Although Americans continue to adopt aspects of “Hispanic” culture: food, certain words, bilingual instruction booklets: we neglect what has to be taken away to allow for this assimilation of cultures. We begin to see others as only belonging to “an ethnic group”: an “us/them” mentality, if you well: and our desire to celebrate diversity dissolves into a knee-jerk reaction to merely recognize difference. As Rodriguez puts it, “Only America could create Hispanics, Asians, Africans, Americans.”

And so America, despite its good intentions, continues to build racists, sexists, classists, homophobes, etc. with its insistence on categorization.

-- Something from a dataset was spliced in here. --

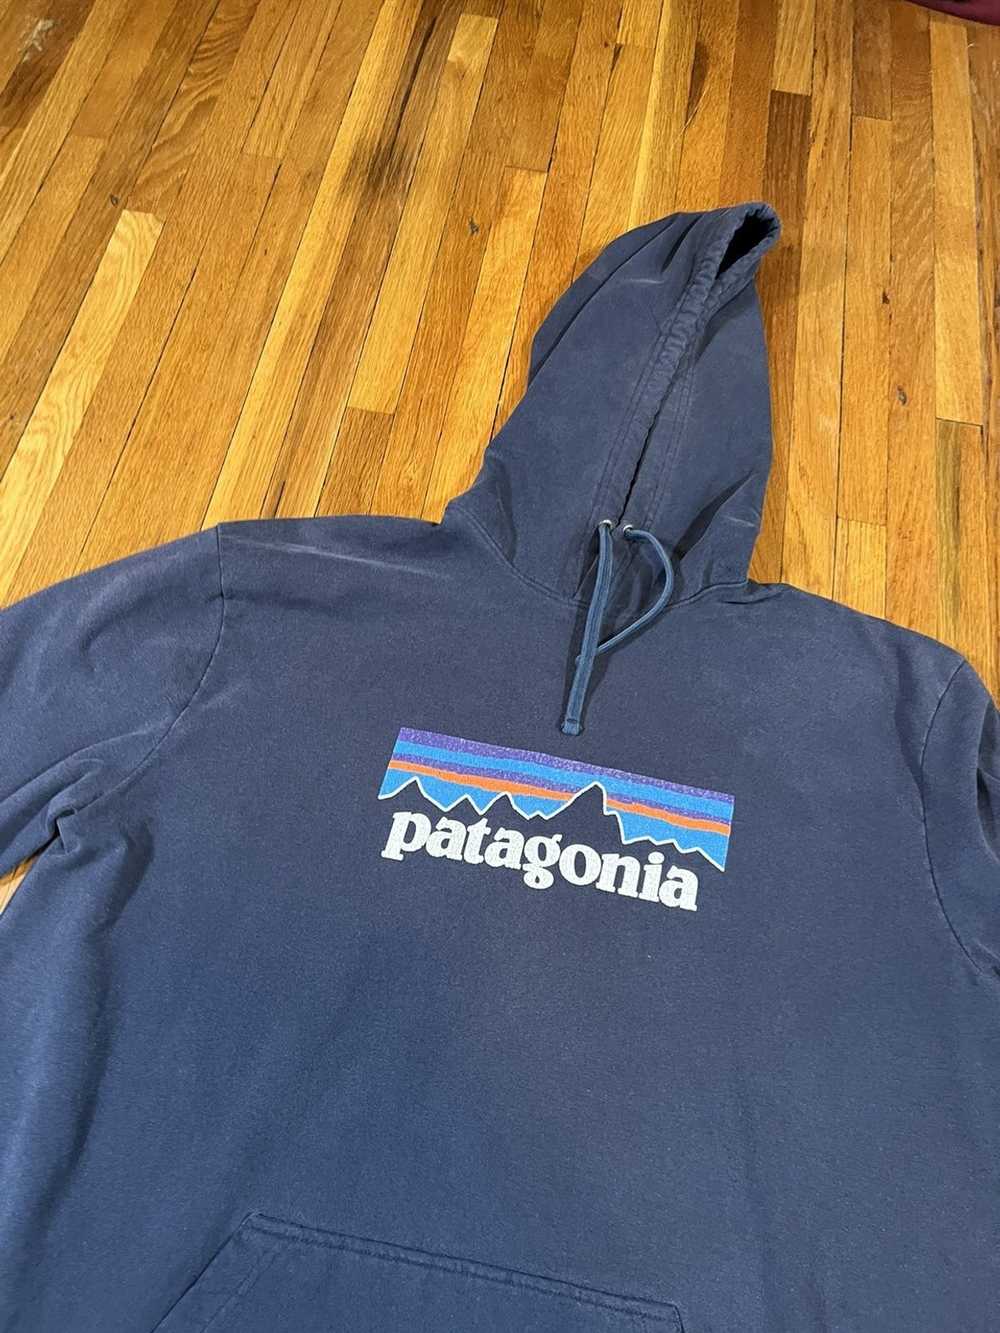 Patagonia Patagonia Hoodie - image 4

See, not all African-Americans want slavery reparations; not all women are going to vote for Hillary; not all handicapped people want their tax dollars to go towards making their public libraries more handicapped-accessible. Humans are unique: which is often a reality too easy to forget.

The first step to reclaiming our individuality, then, should be to put a mutual ban on this all-encompassing word, once and for all. If not for you, then do it for them.